GDF-8 Growth Differentiation Factor 8 Human Myostatin Recombinant Protein 1mg Vials
Myostatin (GDF-8) is a member of the transforming growth factor-beta (TGF-β) superfamily that is highly expressed in skeletal muscle, and myostatin loss-of-function leads to doubling of skeletal muscle mass. Myostatin-deficient mice have been used as a model for studying muscle-bone interactions, and here we review the skeletal phenotype associated with altered myostatin signaling. It is now known that myostatin is a key regulator of mesenchymal stem cell proliferation and differentiation, and mice lacking the myostatin gene show decreased body fat and a generalized increase in bone density and strength.

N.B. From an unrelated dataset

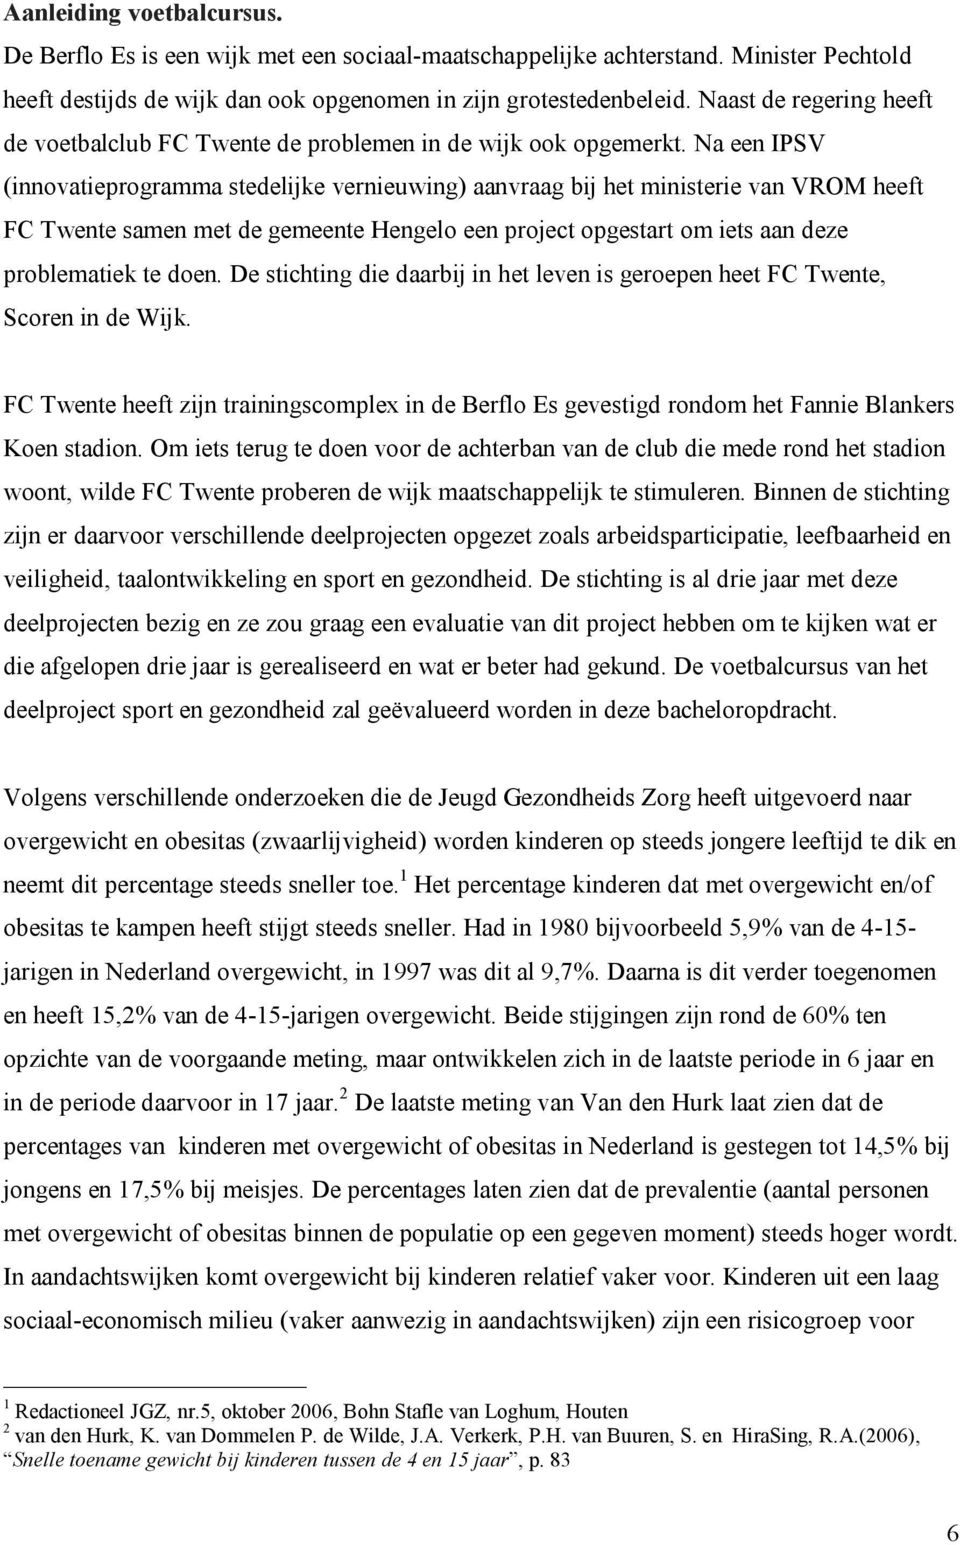 Na een IPSV (innovatieprogramma stedelijke vernieuwing) aanvraag bij het ministerie van VROM heeft FC Twente samen met de gemeente Hengelo een project opgestart om iets aan deze problematiek te doen.

The increase in bone density is observed in most anatomical regions, including the limbs, spine, and jaw, and myostatin inhibitors have been observed to significantly increase bone formation. Myostatin is also expressed in the early phases of fracture healing, and myostatin deficiency leads to increased fracture callus size and strength. Together, these data suggest that myostatin has direct effects on the proliferation and differentiation of osteoprogenitor cells, and that myostatin antagonists and inhibitors are likely to enhance both muscle mass and bone strength.
Discovery and sequencing
The gene encoding myostatin was discovered in 1997 by geneticists Se-Jin Lee and Alexandra McPherron who produced a knockout strain of mice that lack the gene, and have approximately twice as much muscle as normal mice.These mice were subsequently named "mighty mice".
Naturally occurring deficiencies of myostatin of various sorts have been identified in some breeds of cattle, sheep, whippets, and humans. In each case the result is a dramatic increase in muscle mass.
Structure and mechanism of action
Human myostatin consists of two identical subunits, each consisting of 109 (NCBI database claims human myostatin is 375 residues long) amino acid residues [note the full length gene encodes a 375AA prepro-protein which is proteolytically processed to its shorter active form.Its total molecular weight is 25.0 kDa. The protein is inactive until a protease cleaves the NH2-terminal, or "pro-domain" portion of the molecule, resulting in the active COOH-terminal dimer. Myostatin binds to the activin type II receptor, resulting in a recruitment of either coreceptor Alk-3 or Alk-4.
This coreceptor then initiates a cell signaling cascade in the muscle, which includes the activation of transcription factors in the SMAD family - SMAD2 and SMAD3. These factors then induce myostatin-specific gene regulation. When applied to myoblasts, myostatin inhibits their differentiation into mature muscle fibers.
Myostatin also inhibits Akt, a kinase that is sufficient to cause muscle hypertrophy, in part through the activation of protein synthesis. However, Akt is not responsible for all of the observed muscle hyperthrophic effects which are mediated by myostatin inhibition.Thus myostatin acts in two ways: by inhibiting muscle differentiation, and by inhibiting Akt-induced protein synthesis.